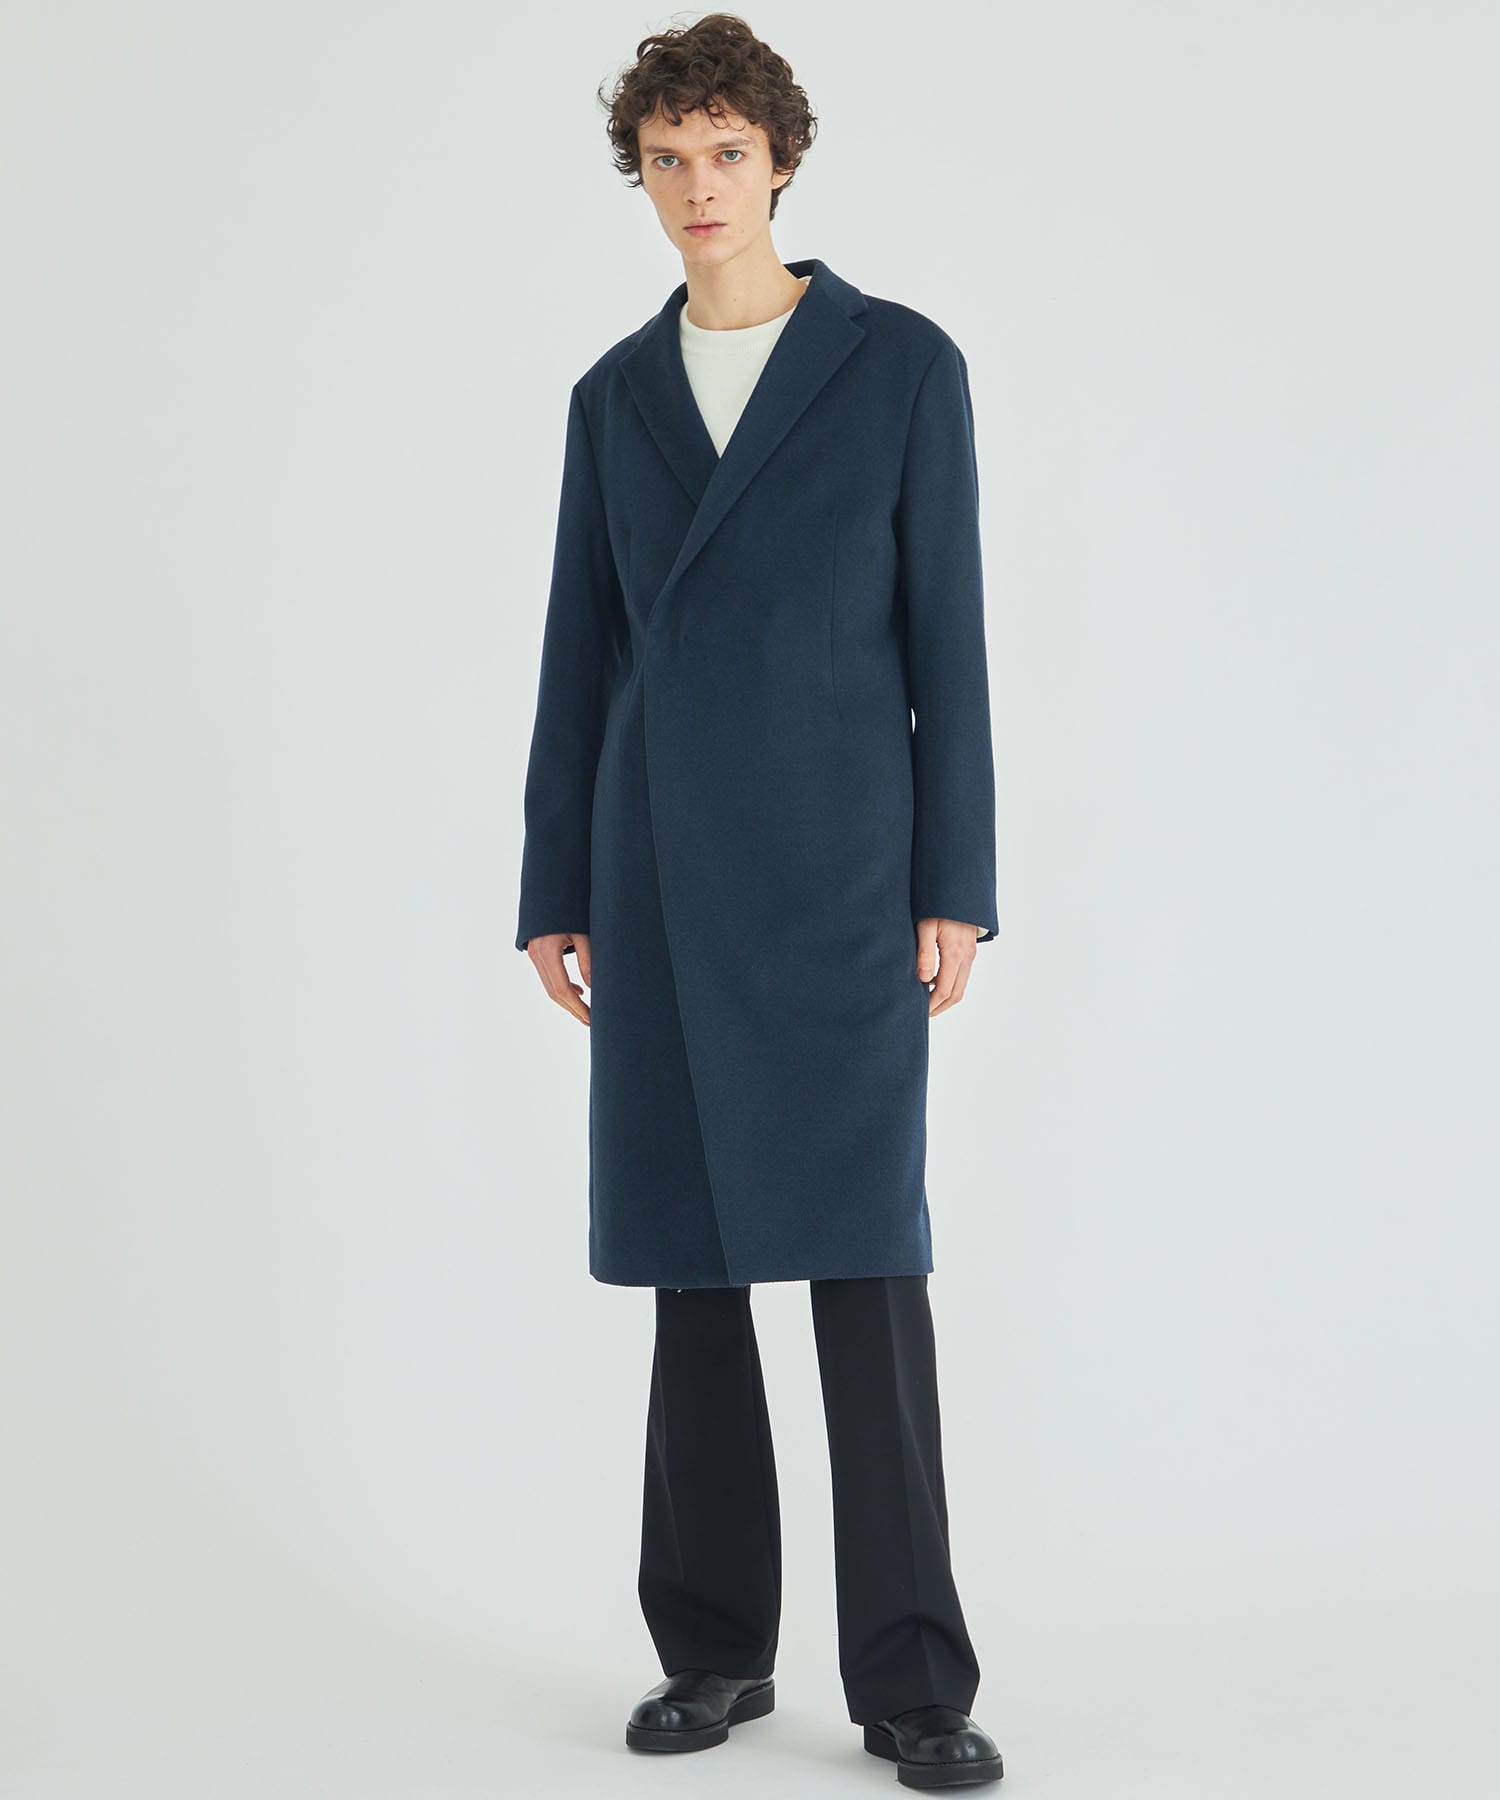 CASHMERE DOUBLE CHESTER COAT | BESPOKE TOKYO
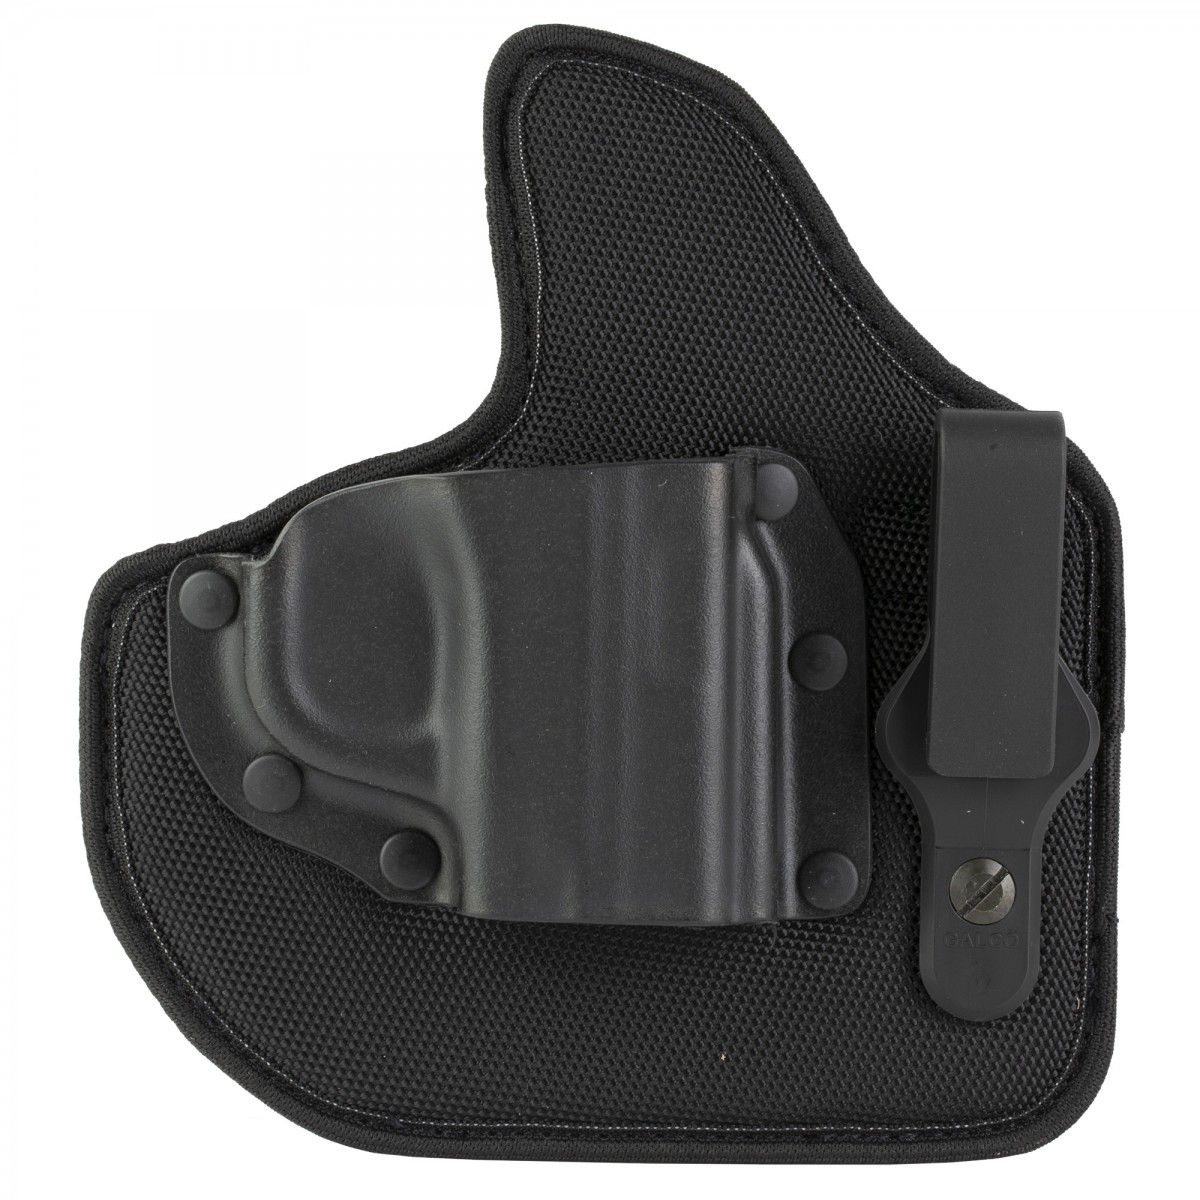 Galco Quicktuk Cloud IWB Right Hand Holster for Smith & Wesson M&P ...
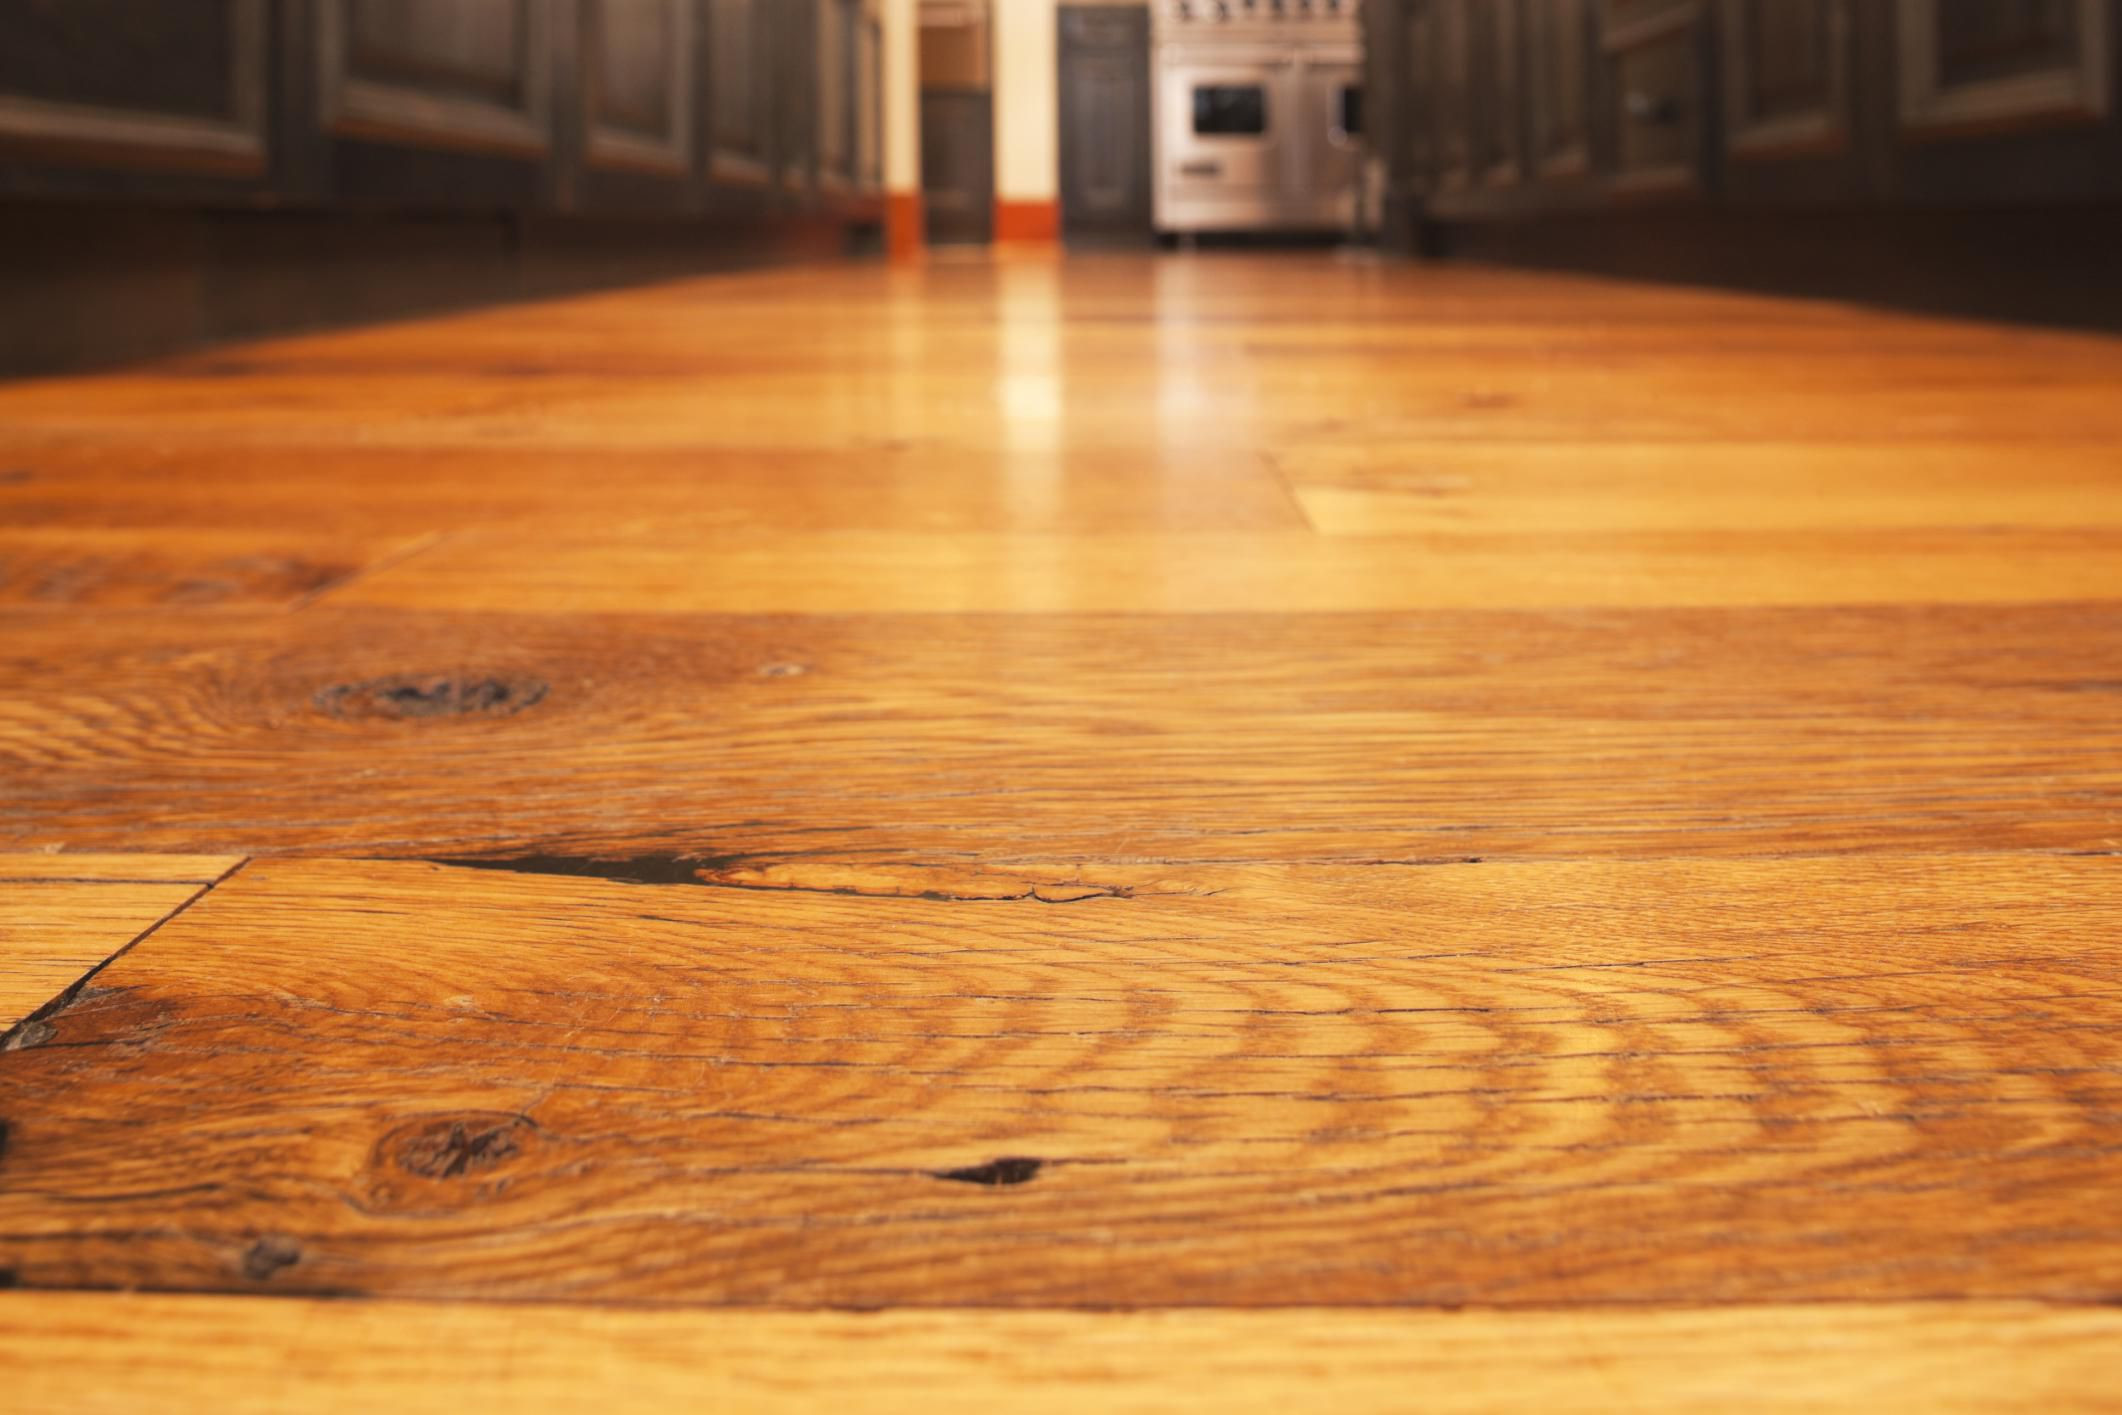 24 Recommended How Long Does It Take to Refinish Hardwood Floors 2023 free download how long does it take to refinish hardwood floors of how to sand hardwood floors pertaining to 185126347 56a49f3d5f9b58b7d0d7e154
########################################
§ **What is expected**: Return exactly the lines running from the line with "Galco Quicktuk Cloud" through the final line of the listing. Leave the pictures out.

§ **Written reply**:
 Galco Quicktuk Cloud IWB Right Hand Holster for Smith & Wesson M&P ...
 24 Recommended How Long Does It Take to Refinish Hardwood Floors 2023 free download how long does it take to refinish hardwood floors of how to sand hardwood floors pertaining to 185126347 56a49f3d5f9b58b7d0d7e154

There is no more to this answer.